Unfortunately, my wireless NIC does not support the “-g” and “-G” options we explored in Experiment 1. So I cannot try reducing the transmit ring. If yours does, I encourage you to to try twisting that knob as in the first experiments. hypothesize my wireless NIC has a transmit ring of order the same size as the ethernet NIC we explored in Experiment
Move the test computer further from the router, until, say, you can only 6 Mbps of bandwidth (your actual goodput will be less; remember, just because your radio is signalling at 6Mbps doesn’t mean you are able to get that much actual wireless bandwidth).
Remember to set your txqueuelen back to its original value (e.g. ”ifconfig wlan0 txqueuelen 1000“, for my laptop).
Run the experiment again. What do you observe? Why? I observe up to several seconds of latency; the lower the bitrate, the higher the latency.
Third experiment (while still remote enough the bandwidth available is low).
Try web browsing in another window, during the copy. What do you think of this result? I don’t think you will like it at all. I sure don’t.
As in Experiment 1, reduce your txqueuelen to zero in several steps (e.g.”ifconfig wlan0 txqueuelen 0“). What do you observe?
I observe the latency drop to only a bit over a hundred milliseconds (but with substantial jitter.
Unfortunately, my wireless Intel NIC does not support the “-g” and “-G” options So I cannot try reducing the transmit ring in the wireless device as I could on ethernet. I hypothesize a similarly large ring for the wireless chip.
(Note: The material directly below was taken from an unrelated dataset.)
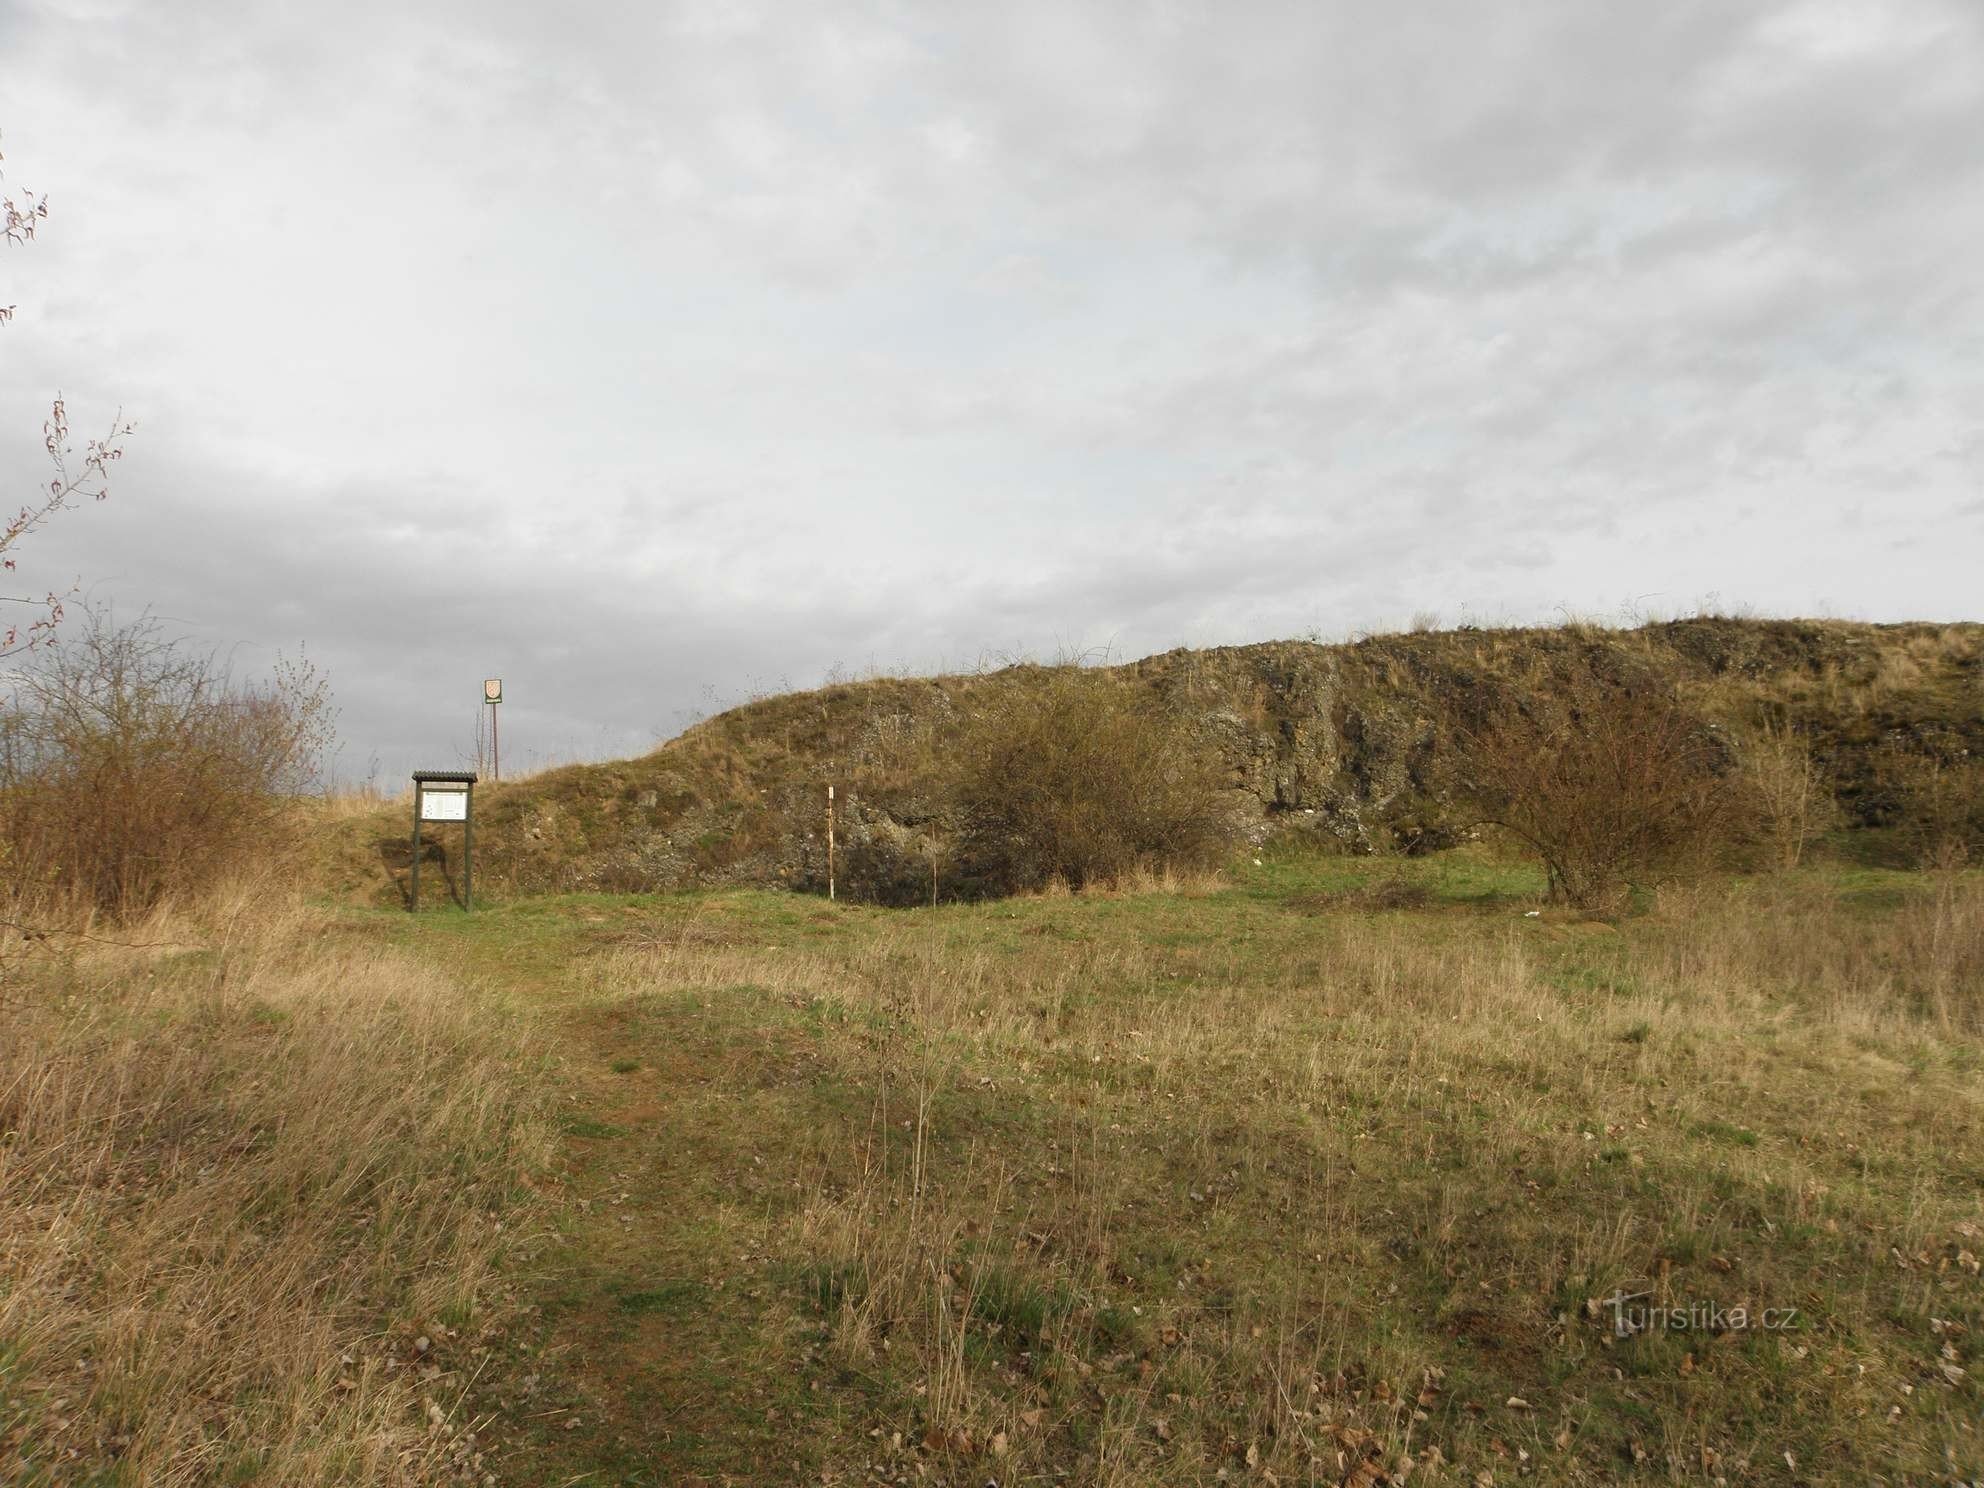 Tượng đài tự nhiên Horka - ngọn đồi chính, bảng thông tin - 2.4.2012 tháng XNUMX năm XNUMX

Repeat experiment 2, but copy YourFavoriteBigFile from your server back to your system. Make sure that there is more bandwidth from where you are copying from than the wireless link.
On a Linksys E3000 router running commercial firmware, my latencies reach 500ms or more, with high jitter at 54Mbps data-rate, with high ping packet loss when pinging from the transmitting direction. On a Netgear WNDR3700, running OpenWRT 10.03, changing txqueuelen seems to have no effect, but the latency is stuck at around 200ms. In a quick test at 6Mb/second, I observed 4 second (highly variable) latency; at 12Mb/second, I observe about 2 second (highly variable) latency.
Note that twisting the txqueuelen knob (and/or transmit rings) on your laptop has no effect, but by logging into your router and twisting the knob, you may (or may not be able to) eliminate most of the latency. On a Linksys WRT-54TM running Gargoyle router code version 1.3.8, I can reduce the latency (when at 54Mbps) from of order 1 second (with high jitter) to around 20ms by setting txqueuelen to 10 on wl0 (you can’t go to zero on this hardware, I surmise). This is still higher than it should be from first principles, but closer to something tolerable.
Your home network can’t walk and chew gum at the same time.